**About this task:**
Reproduce every line of the material below, but drop the pictures.

**Data section:**

========================================================================

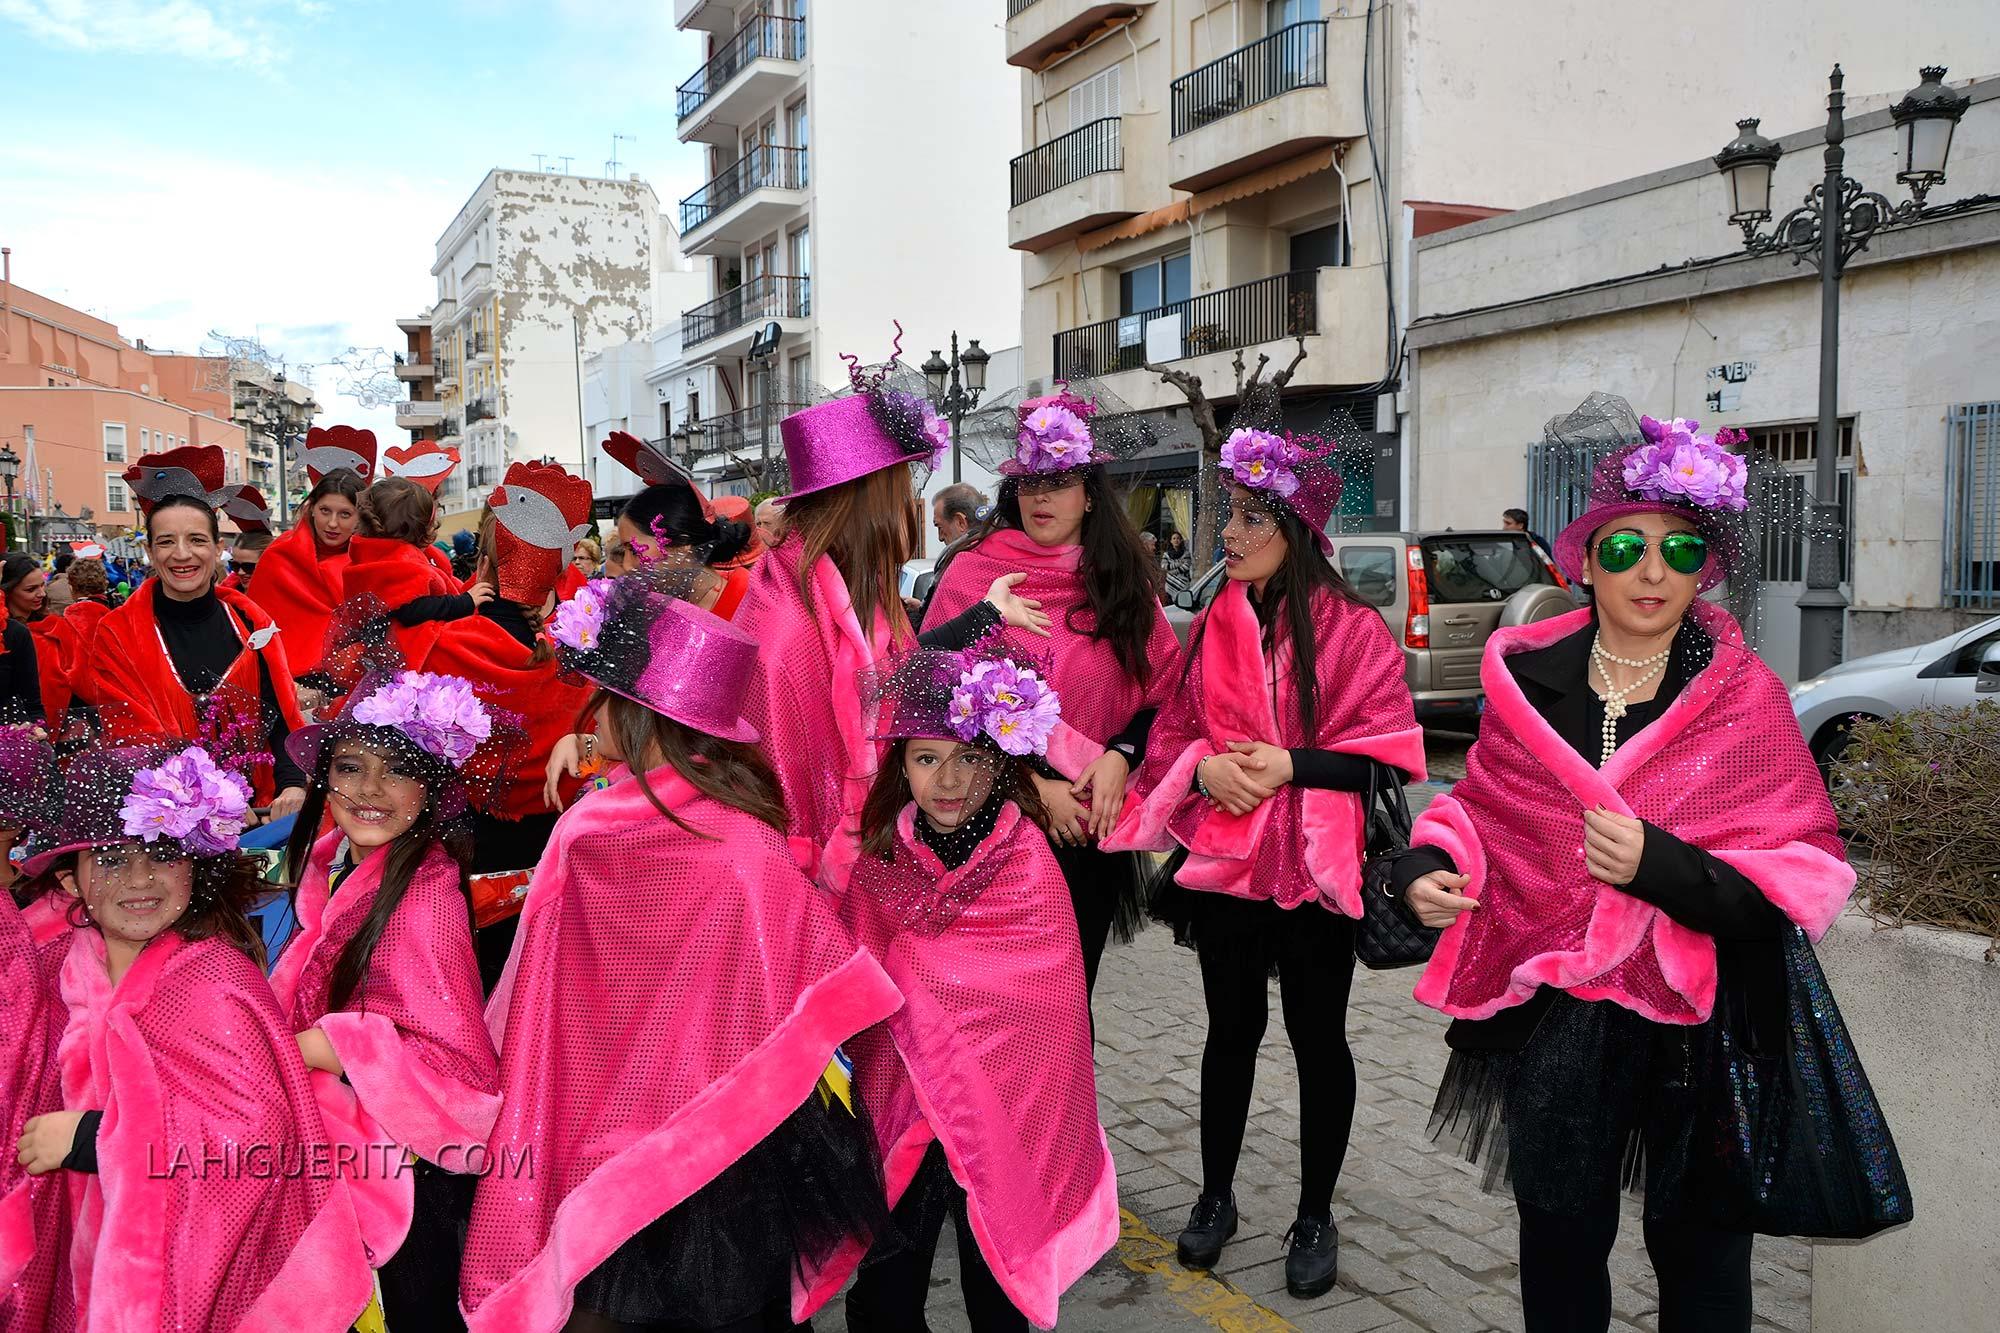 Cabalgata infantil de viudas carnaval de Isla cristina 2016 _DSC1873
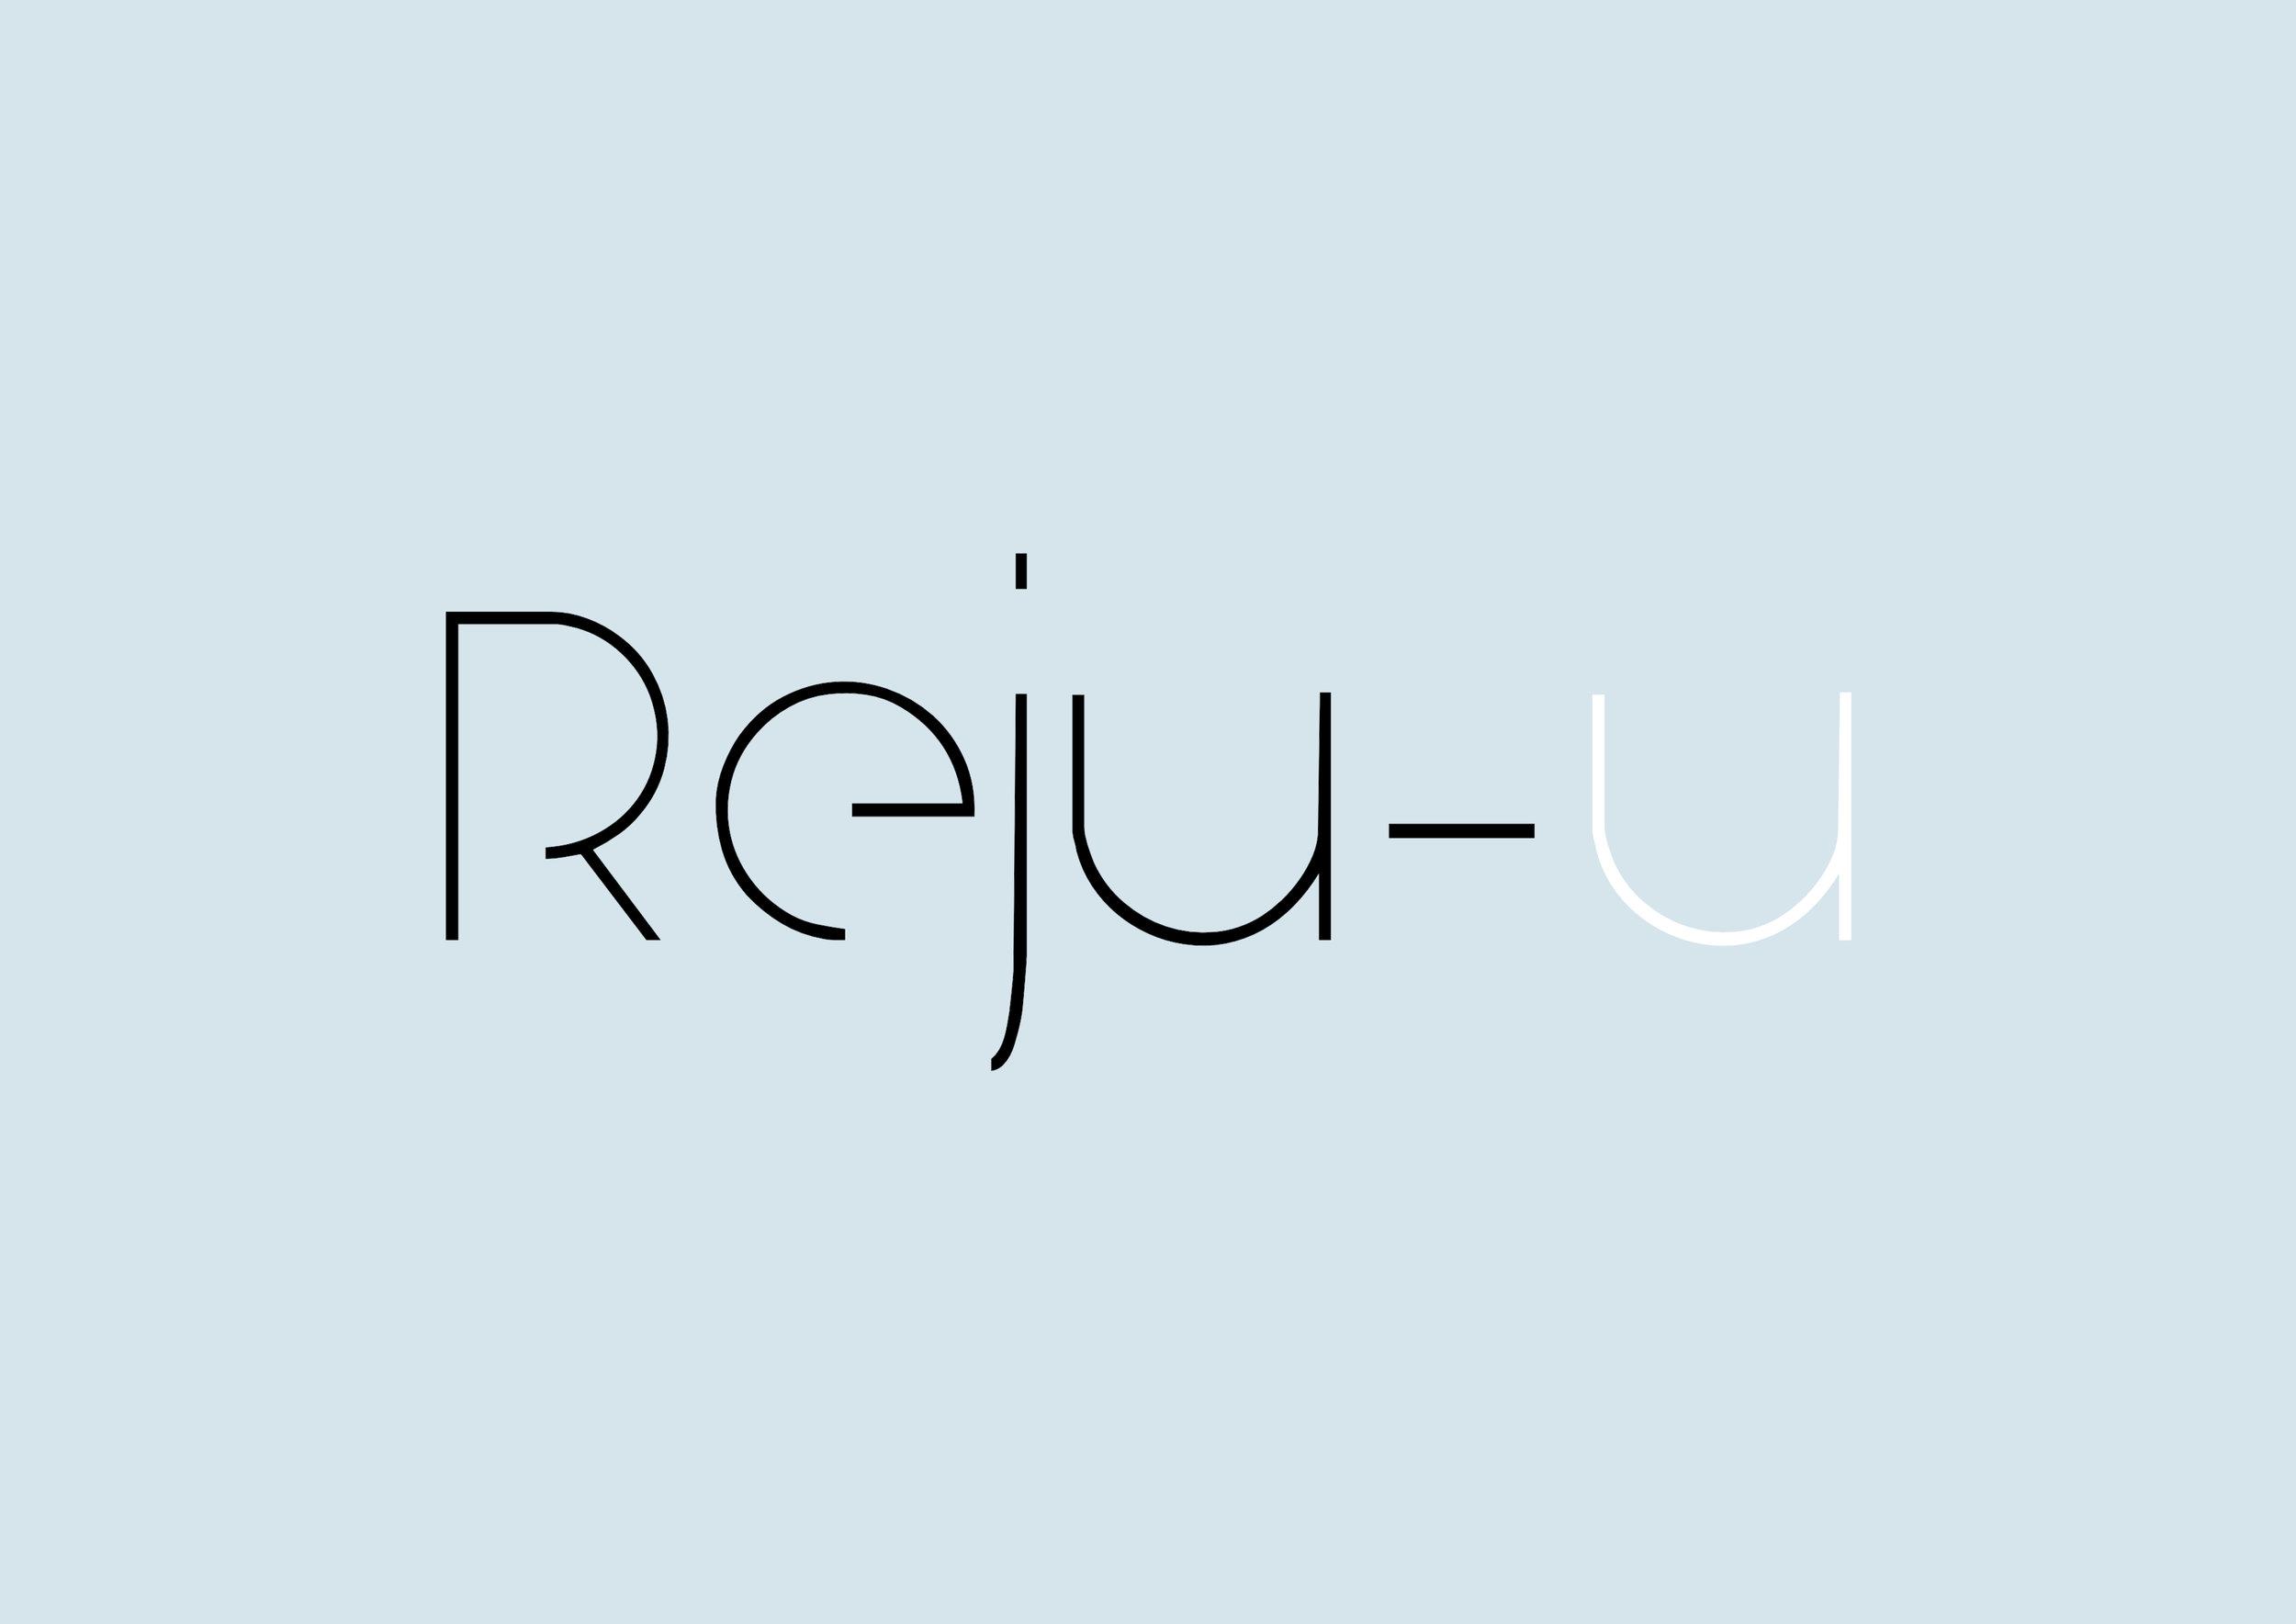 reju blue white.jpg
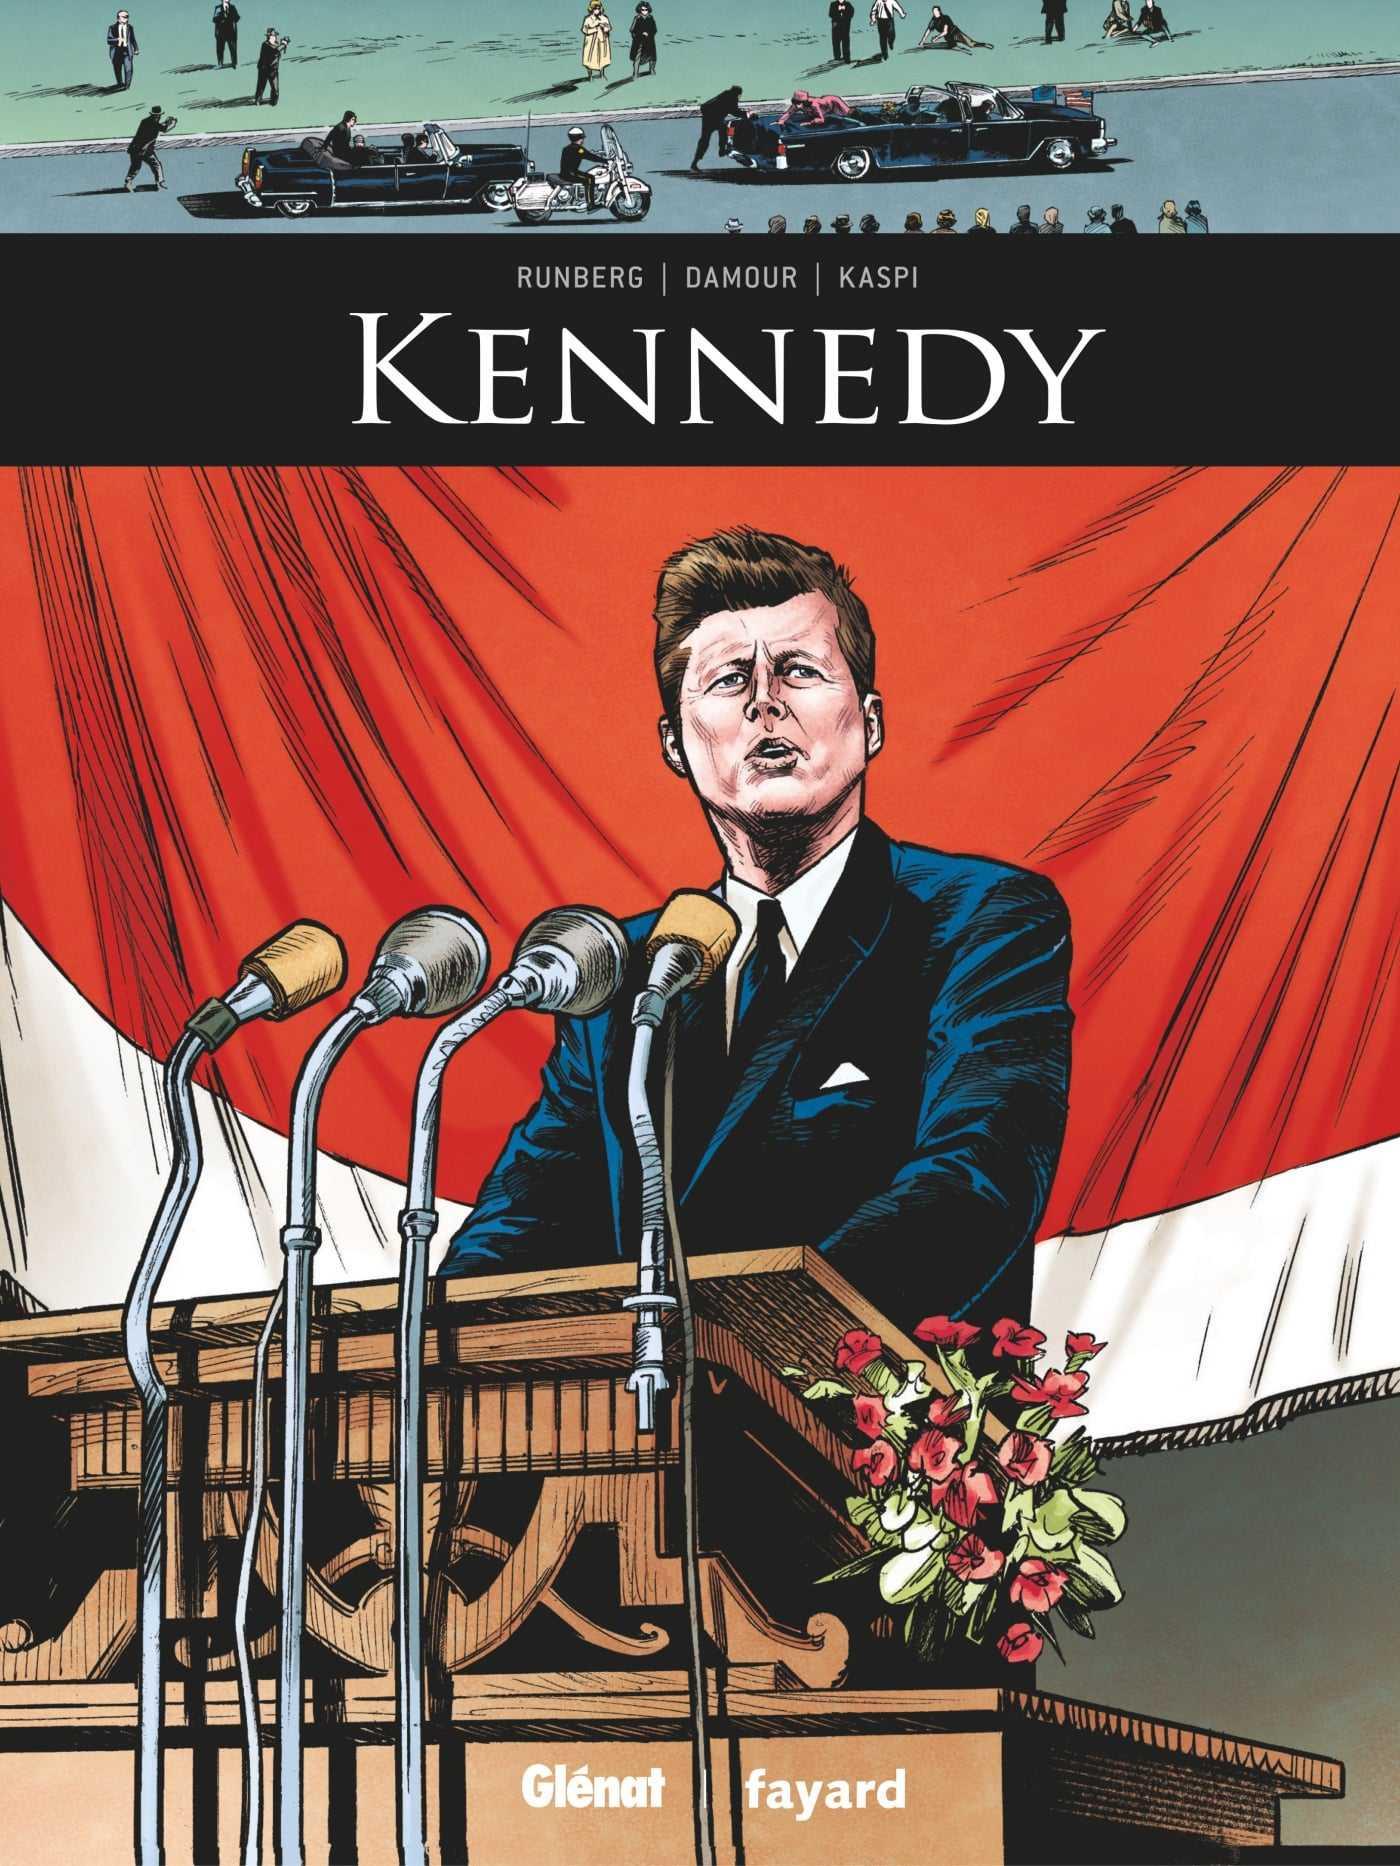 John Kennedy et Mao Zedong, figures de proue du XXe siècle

========================================================================

**Exercise output:**
 Cabalgata infantil de viudas carnaval de Isla cristina 2016 _DSC1873
 reju blue white.jpg
 John Kennedy et Mao Zedong, figures de proue du XXe siècle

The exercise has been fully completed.